Rooms by Lauren Oliver
Rooms by Lauren Oliver

Rating: Three of five stars
See this review on Goodreads

This book caught my eye because it’s an adult book by Lauren Oliver. I still don’t understand why her Young Adult novel Before I Fall connected with me so deeply, but it’s one of my favorite YA books, and probably the only one I’ve read more than once. With her YA game so strong, I was excited to see what she’d do with more adult-oriented material.

Rooms was flatly enjoyable. It felt like the kind of movie you watch on an airplane. It kept me engaged enough to keep reading, but when I was done I felt like, “Yep. I read that.” This is not a criticism of the book or its writing as much as a metric of my personal taste. Rooms is very heavy on exploring character and backstory and very light on actual plot. It’s predominantly the story of four people and two ghosts inwardly exploring their relationships and demons while not outwardly doing very much of anything. Like I said, this doesn’t make it bad. It just isn’t my jam.

The concept of this book is really interesting. An dysfunctional family comes back to their estranged patriarch’s home to clean it out after he dies. Unknown to them, the house is haunted by the ghosts of two women who died there over the years. The best part of this book is the idea and descriptions of how the ghosts haunt the house. They’re not the traditional “translucent people” kind of ghosts. They’re just energy that has absorbed into the house to the point that they are the house. They feel the house as if it’s their body, and are aware of everything that happens in every room simultaneously. And since they’ve both bonded to the house, they’ve kind of become a single thing, always in each other’s faces and up each other’s butts for eternity. It’s a fantastic and original idea for a story.

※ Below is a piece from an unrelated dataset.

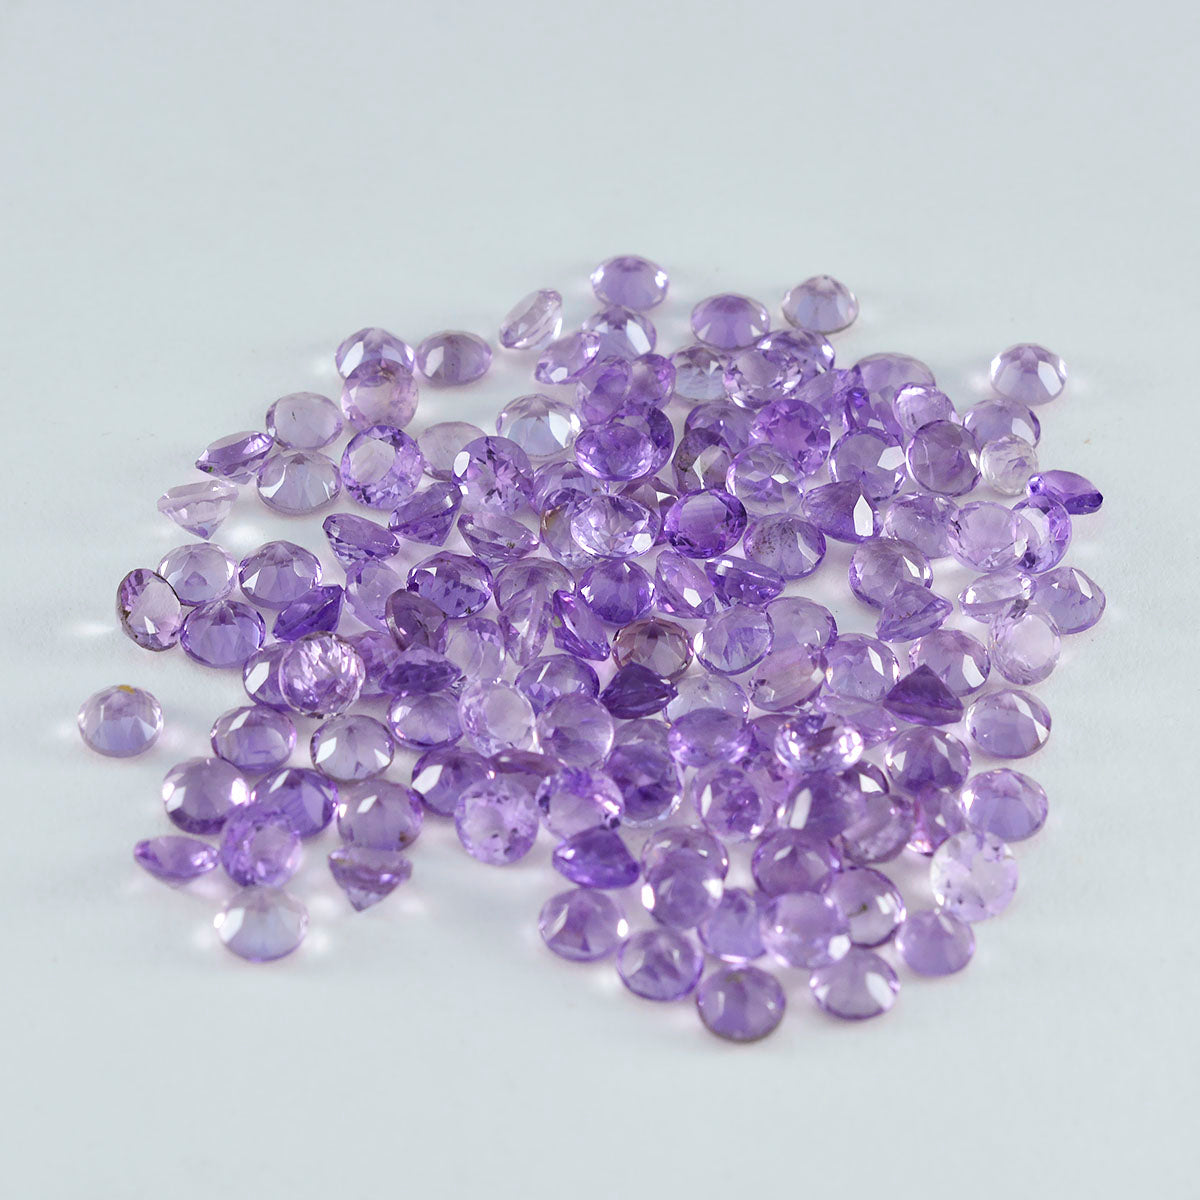 Riyogems 1PC Genuine Purple Amethyst Faceted 3x3 mm Round Shape startling Quality Gems

The story it’s a part of, however, is very, very slow. The only real forward momentum the novel has is a slow buildup of implied secrets. All of the people in the house, living and dead, have closets full of skeletons. The first three quarters of the book gives the reader glimpses of jawbones and kneecaps hidden in half-remembered murk. The last part throws a light on all the old bones, laying them bare for all to see. So the narrative tension in the book wasn’t so much, “Will they accomplish their goals?” as much as “Did I figure out what really happened to each of them through subtle hints and subtext?” Instead of a conclusion, the end feels like an answer key to a puzzle book. Did you figure out the answers to the riddles? Turn the page upside-down to see!

In fact, the only common thread the two ghosts have to each other and to the living family is that they all, at some point, lived in the same house. The artifacts of their lives cross due to a shared space, but the stories of their lives barely intermingle. At times it feels like each character has their own separate story that runs parallel to the rest rather than each of them being part of one collective whole. At best the disparate threads add shades of meaning or thematic flavor to each other. At worst they feel like completely different narratives fighting for dominance.

And I have one nit-pick about the prose. It’s interesting to me, because it’s a note that people have given me on my writing, but I didn’t fully appreciate how it feels to a reader until I saw it in someone else’s words. And that note is this, as quoted from a critique partner: “There were too many similes for my taste. All of them clever, but I felt many of them did not lend themselves to clarity.”

It feels like nothing in this book is just “big” or “loud” or “green.” It’s “Big as the sky over Montana on a clear day,” or “Loud like the thunder in a nightmare,” or “Green as Kermit the Frog’s bellybutton.” Sometimes it felt like every other sentence in the book had a “like” or “as” in the middle of it, slowing down the non-plot with hundreds of (lovely and well executed but) needless poetic comparisons.

In the end, I enjoyed this book enough. I felt connected enough to the characters to finish their journey with them. Though I am disappointed with the thin resolution. Each character in this book has deep-seated issues to work through and heal from. By the end of the book, few of them seemed to have been healed or set on a path to healing. Again, that’s a valid choice for the author to make, but not one that I found particularly satisfying. I would have liked the different characters with their different story lines to cross in ways that caused them to heal each other rather than to merely draw out each other’s secrets.